The full set of format codes supported varies across platforms, because Python calls the platform C library's :func:`strftime` function, and platform variations are common.

The following is a list of all the format codes that the C standard (1989 version) requires, and these work on all platforms with a standard C implementation. Note that the 1999 version of the C standard added additional format codes.

Directive Meaning Notes
%a Locale's abbreviated weekday name.  
%A Locale's full weekday name.  
%b Locale's abbreviated month name.  
%B Locale's full month name.  
%c Locale's appropriate date and time representation.  
%d Day of the month as a decimal number [01,31].  

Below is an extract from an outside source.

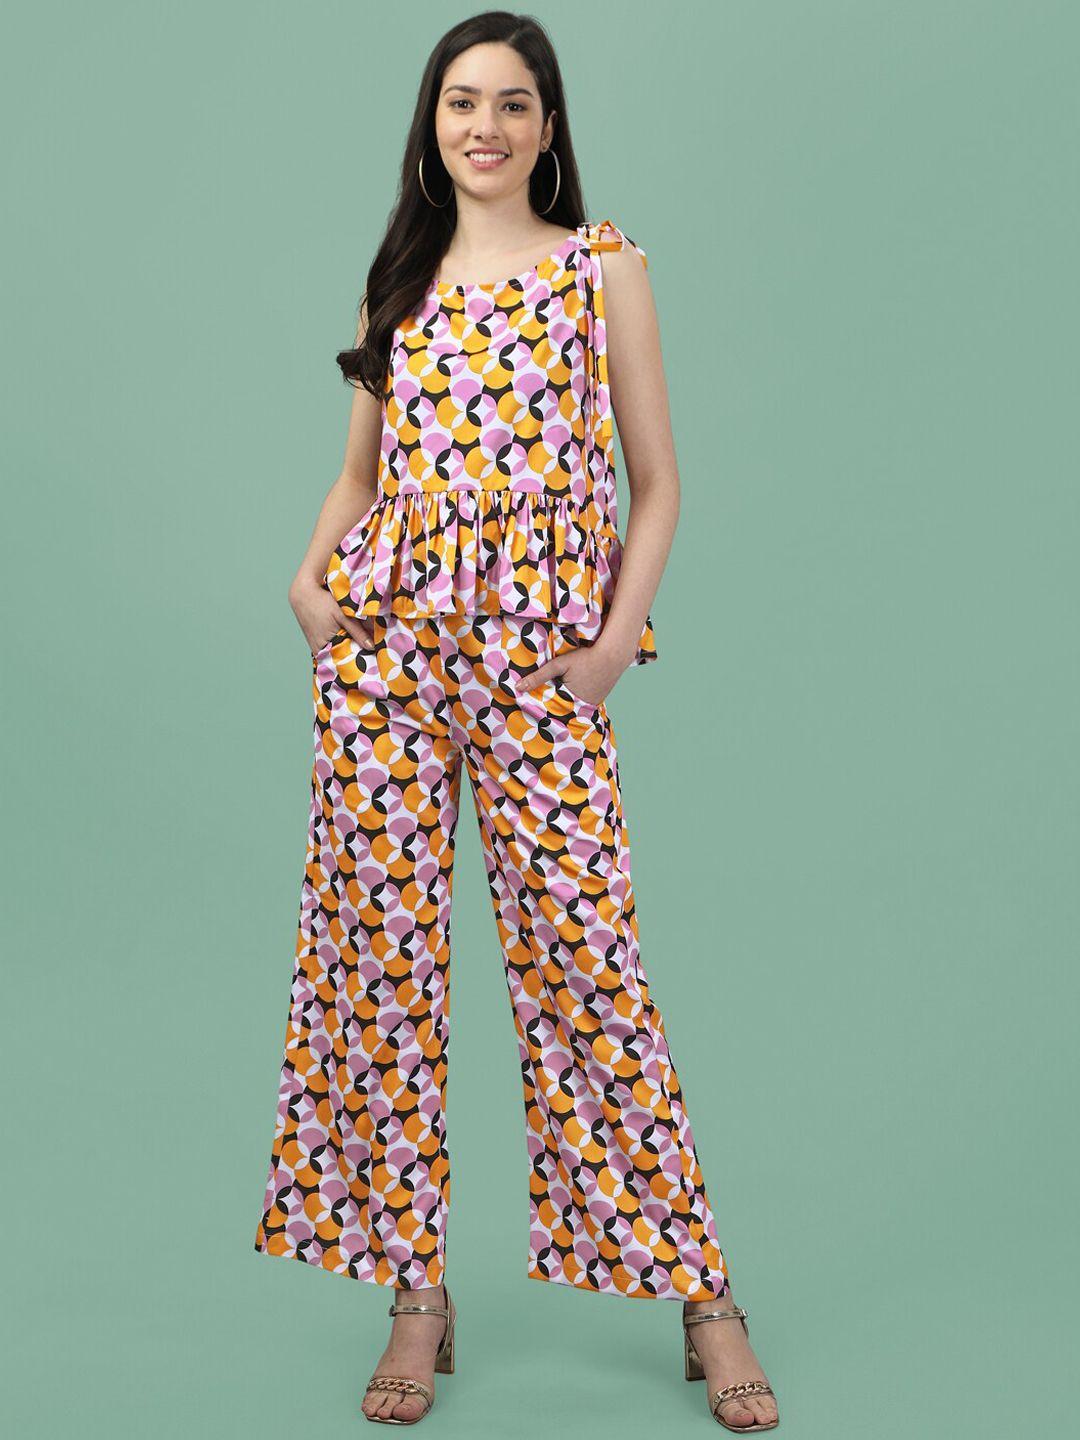 masakali.co women geometric printed top & trousers co-ords

%f Microsecond as a decimal number [0,999999], zero-padded on the left (1)
%H Hour (24-hour clock) as a decimal number [00,23].  
%I Hour (12-hour clock) as a decimal number [01,12].  

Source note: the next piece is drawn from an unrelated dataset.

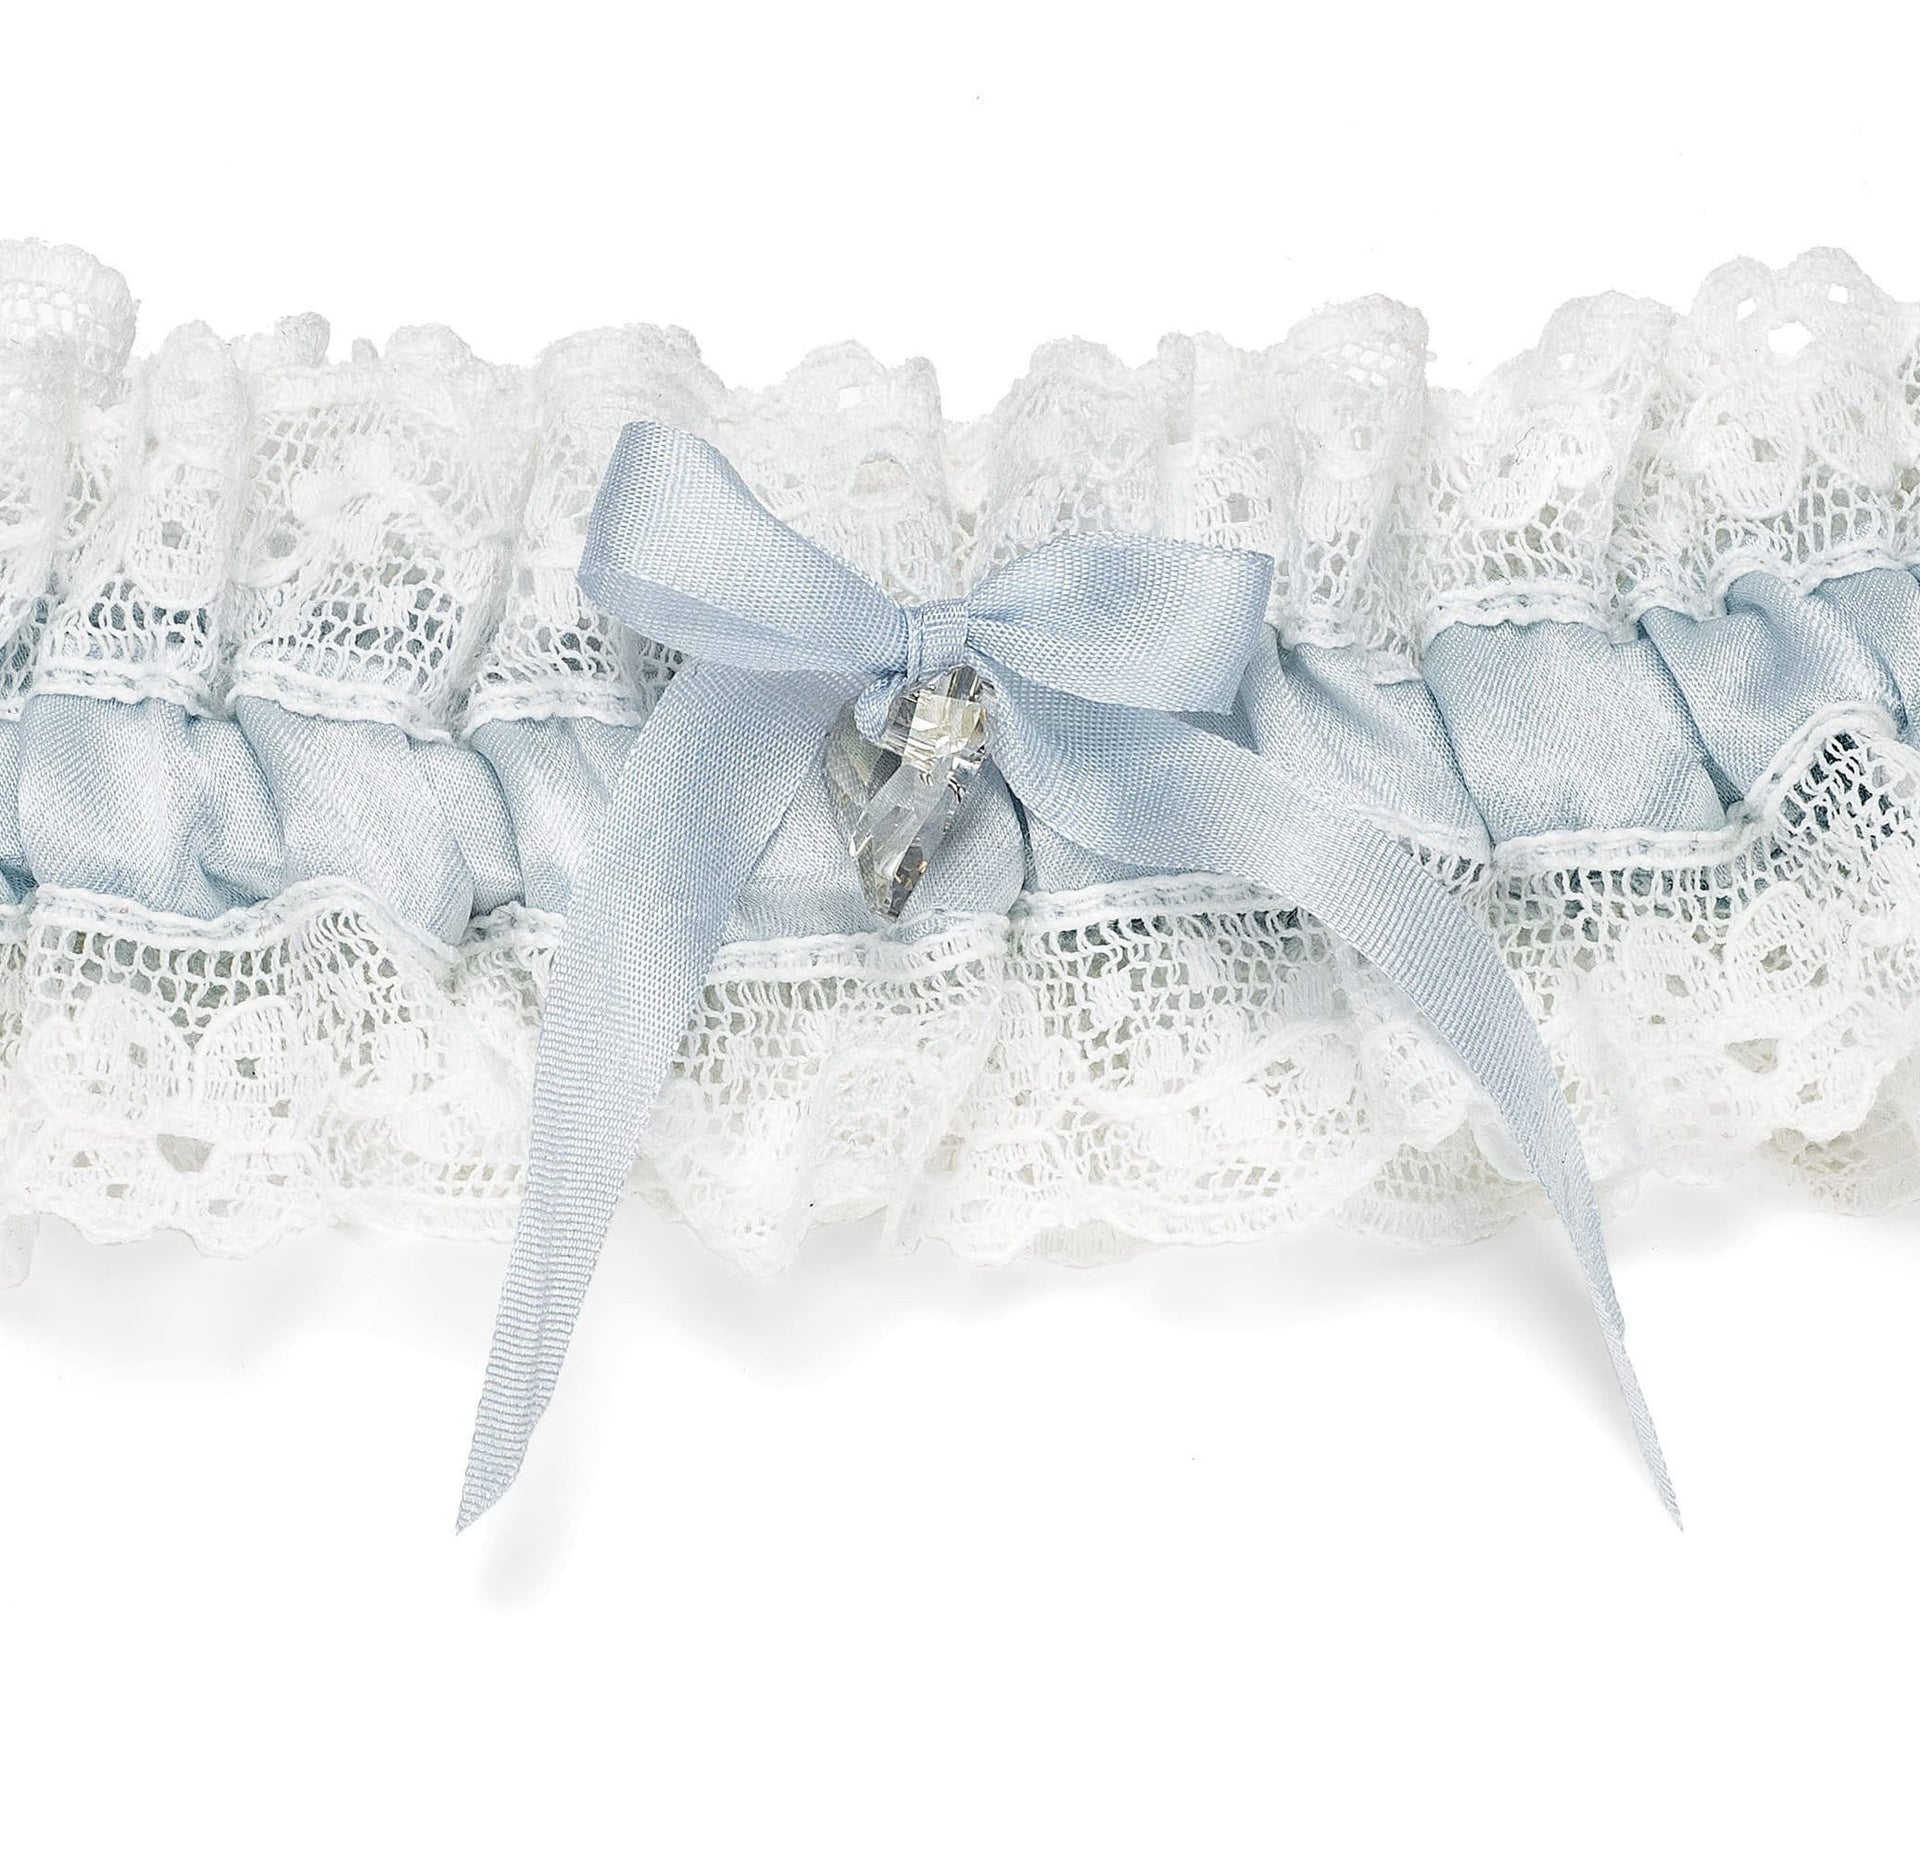 Silk bow blue wedding garters UK, handmade in Truro Cornwall

%j Day of the year as a decimal number [001,366].  
%m Month as a decimal number [01,12].  
%M Minute as a decimal number [00,59].  
%p Locale's equivalent of either AM or PM. (2)
%S Second as a decimal number [00,59]. (3)

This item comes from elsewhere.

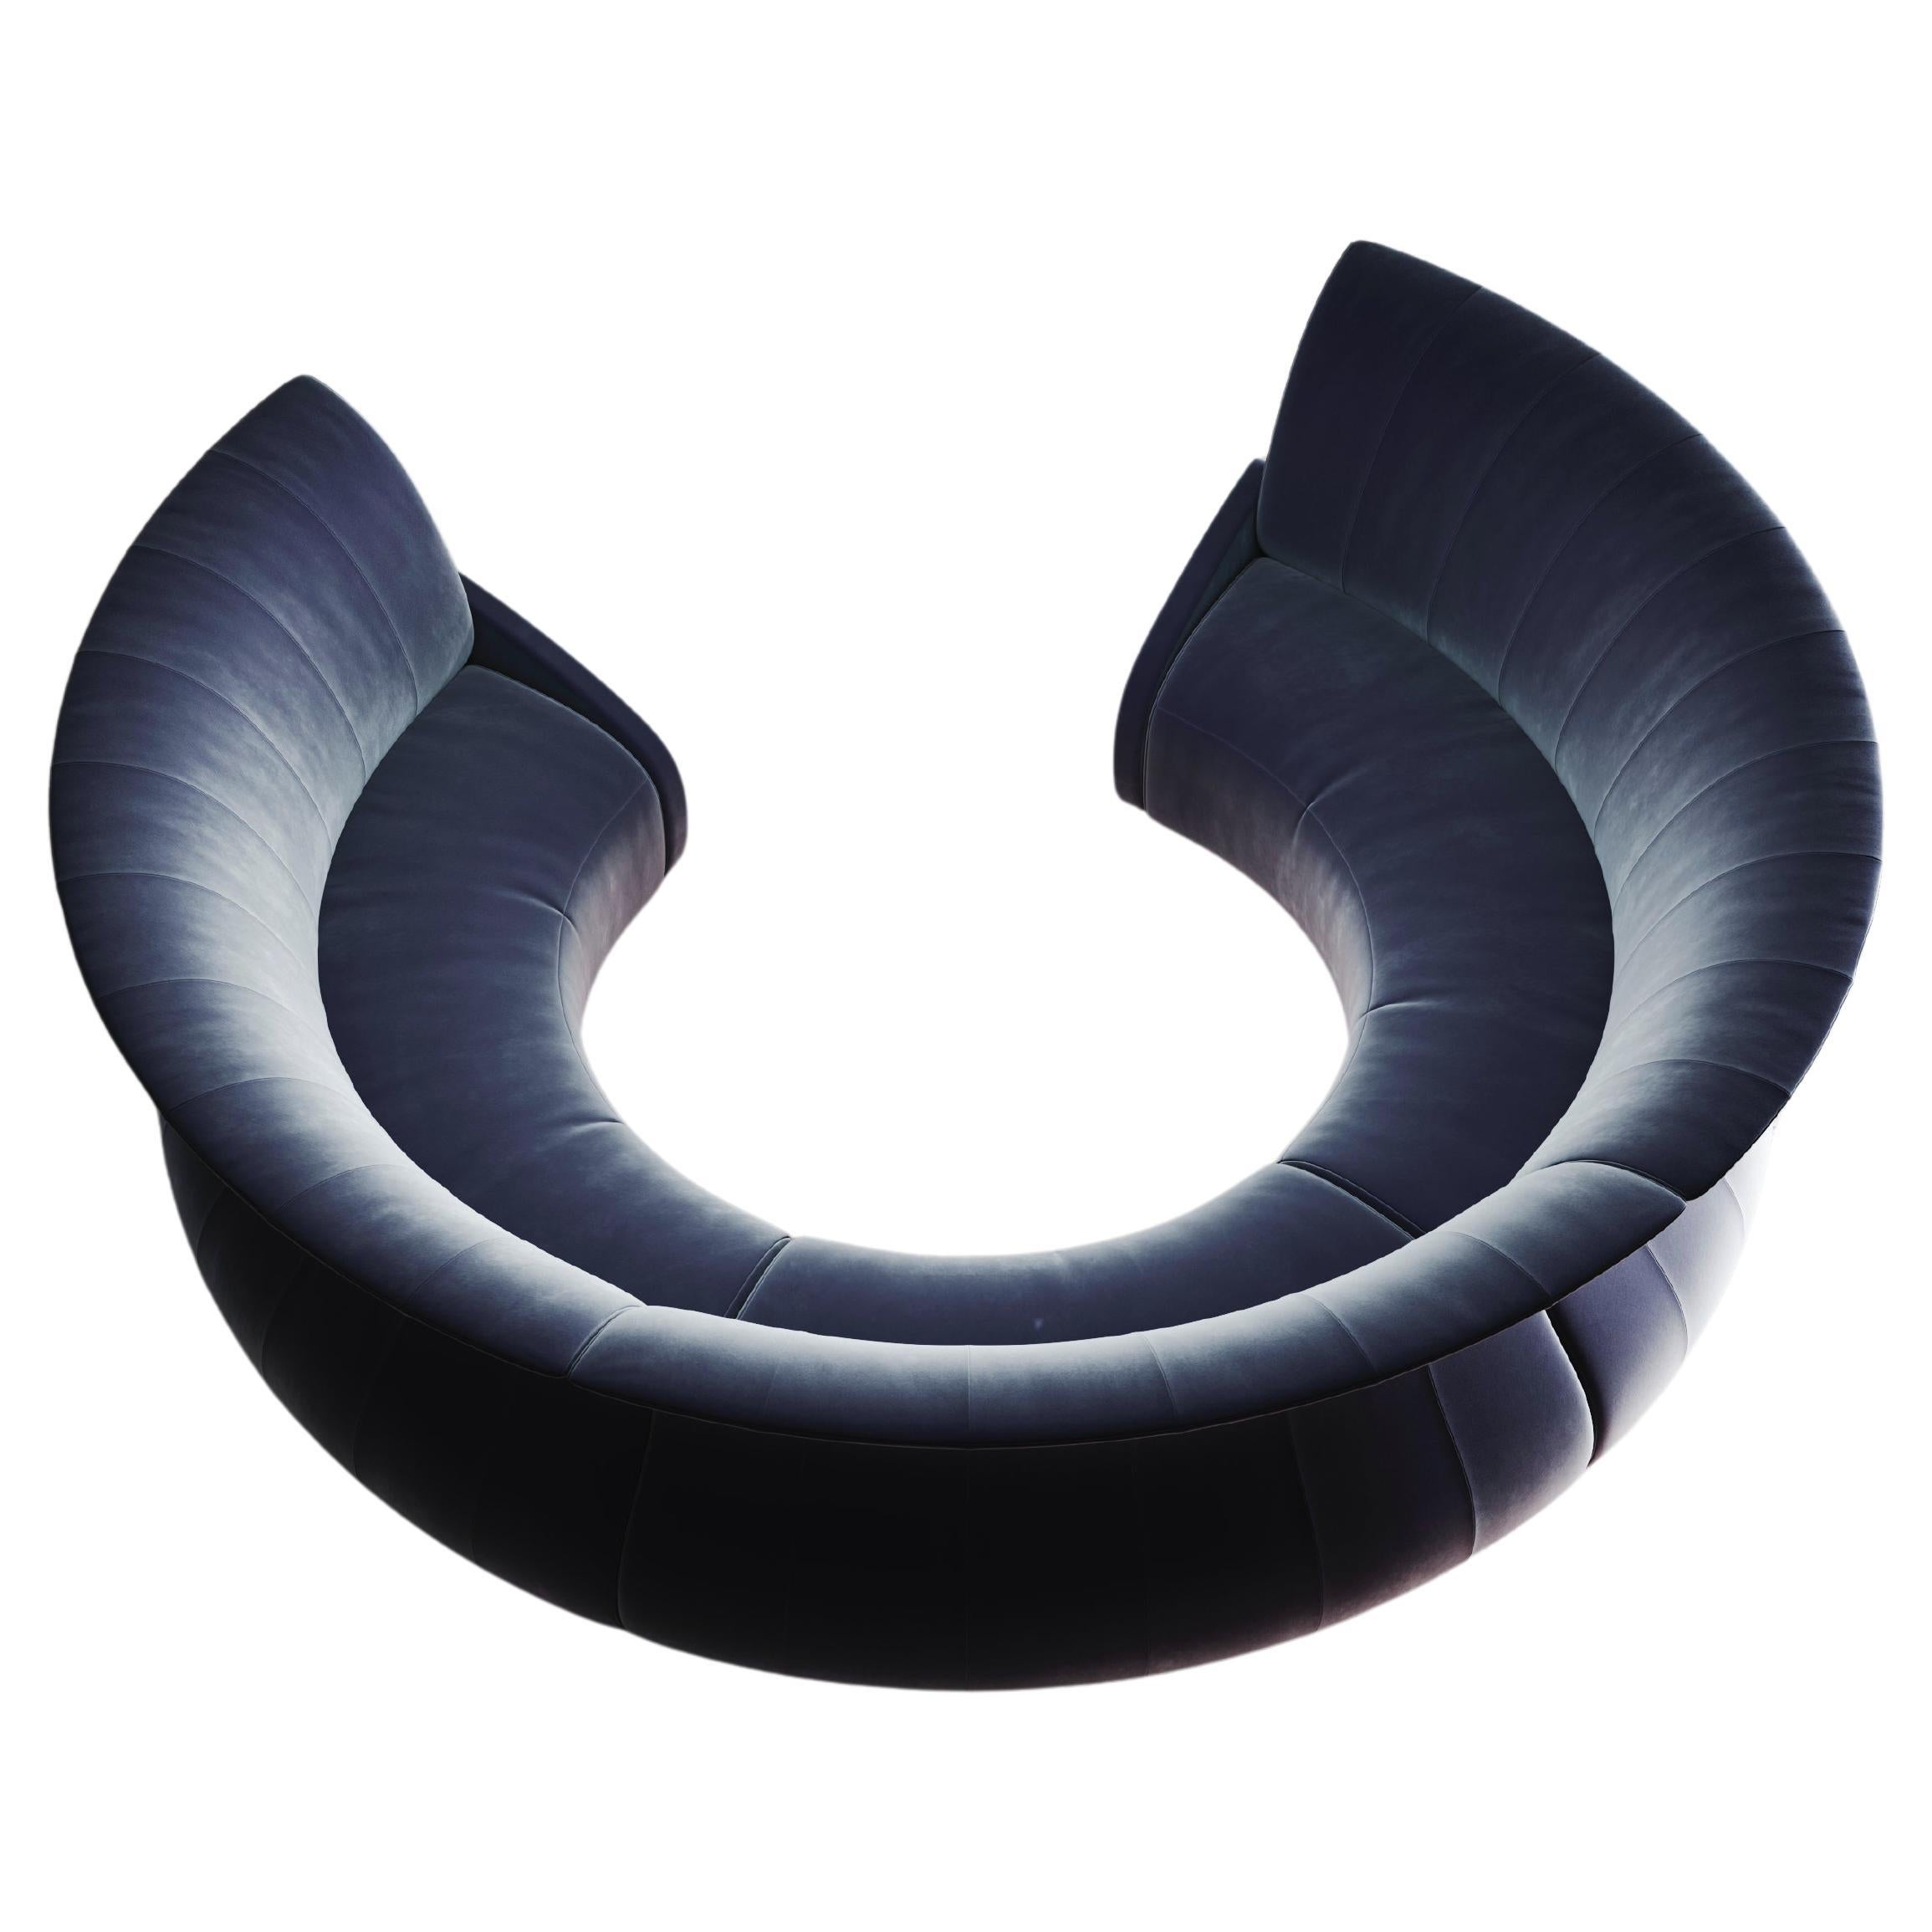 Sculptural Made to Order Modernist Eclipse round sofa

%U Week number of the year (Sunday as the first day of the week) as a decimal number [00,53]. All days in a new year preceding the first Sunday are considered to be in week 0. (4)
%w Weekday as a decimal number [0(Sunday),6].  
%W Week number of the year (Monday as the first day of the week) as a decimal number [00,53]. All days in a new year preceding the first Monday are considered to be in week 0. (4)
%x Locale's appropriate date representation.  
%X Locale's appropriate time representation.  
%y Year without century as a decimal number [00,99].  
%Y Year with century as a decimal number [0001,9999]. (5)
%z UTC offset in the form +HHMM or -HHMM (empty string if the the object is naive). (6)
%Z Time zone name (empty string if the object is naive).  
%% A literal '%' character.  

Notes:

  1. When used with the :meth:`strptime` method, the %f directive accepts from one to six digits and zero pads on the right. %f is an extension to the set of format characters in the C standard (but implemented separately in datetime objects, and therefore always available).
  2. When used with the :meth:`strptime` method, the %p directive only affects the output hour field if the %I directive is used to parse the hour.
  3. Unlike :mod:`time` module, :mod:`datetime` module does not support leap seconds.
  4. When used with the :meth:`strptime` method, %U and %W are only used in calculations when the day of the week and the year are specified.
  5. The :meth:`strptime` method can parse years in the full [1, 9999] range, but years < 1000 must be zero-filled to 4-digit width.
  6. For example, if :meth:`utcoffset` returns timedelta(hours=-3, minutes=-30), %z is replaced with the string '-0330'.